GUTS AND GARBAGE  A very fat man or woman. More guts than brains; a silly fellow. He has plenty of guts, but no bowels: said of a hard, merciless, unfeeling person.
 
HEDGE WHORE  An itinerant harlot, who bilks the bagnios and bawdy-houses, by disposing of her favours on the wayside, under a hedge; a low beggarly prostitute.
 
HELL  A taylor's repository for his stolen goods, called cabbage: see CABBAGE. Little hell; a small dark covered passage, leading from London-wall to Bell-alley.
 
HUMMUMS  A bagnio, or bathing house.
 
LOUSE BAG  A black bag worn to the hair or wig.
 
NOSE BAG  A bag fastened to the horse's head, in which the soldiers of the cavalry put the oats given to their horses: whence the saying, I see the hose bag in his face; i.e. he has been a private man, or rode private.
 
PETER  A portmanteau or cloke-bag.
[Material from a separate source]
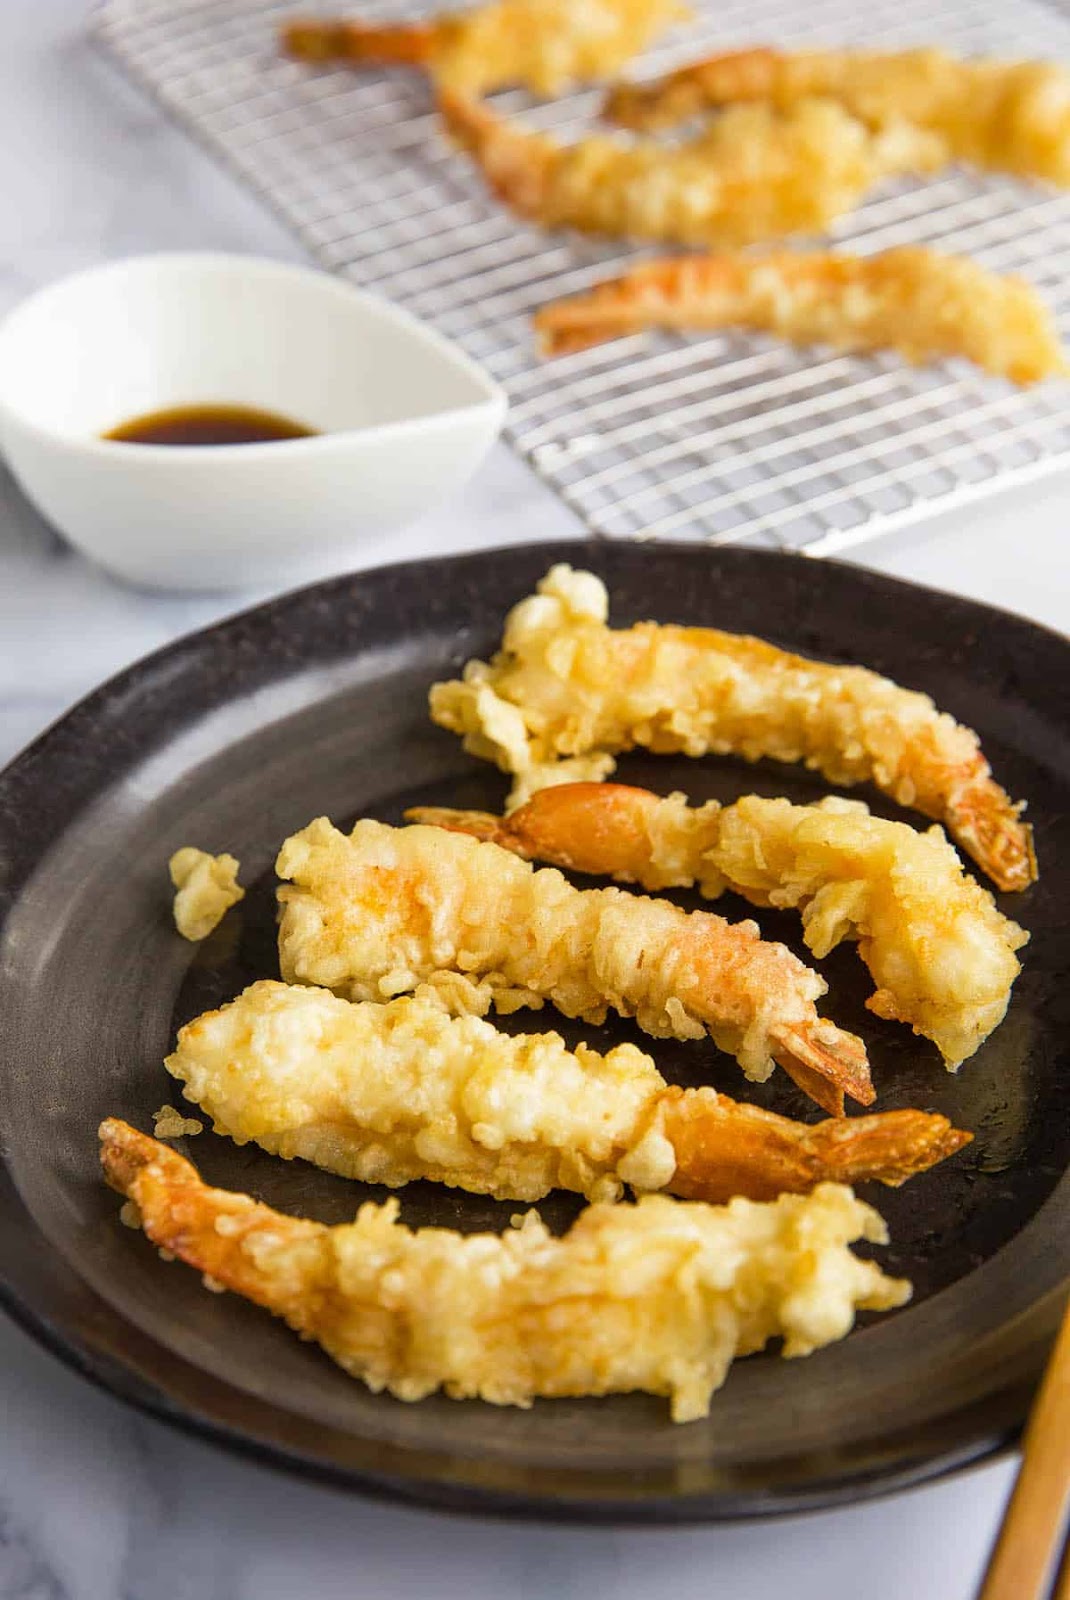 Ebi tempura served with dipping sauce.

Biter of peters; one that makes it a trade to steal boxes and trunks from behind stage coaches or out of waggons. To rob Peter to pay Paul; to borrow of one man to pay another: styled also manoeuvring the apostles.
 
PRAD LAY  Cutting bags from behind horses.
 
SANGAREE  Rack punch was formerly so called in bagnios.
 
SHAG-BAG, or SHAKE-BAG  A poor sneaking fellow; a man of no spirit: a term borrowed from the cock-pit.
 
STRUM  A perriwig. Rum strum: a fine large wig. (CAMBRIDGE) To do a piece. Foeminam subagitare.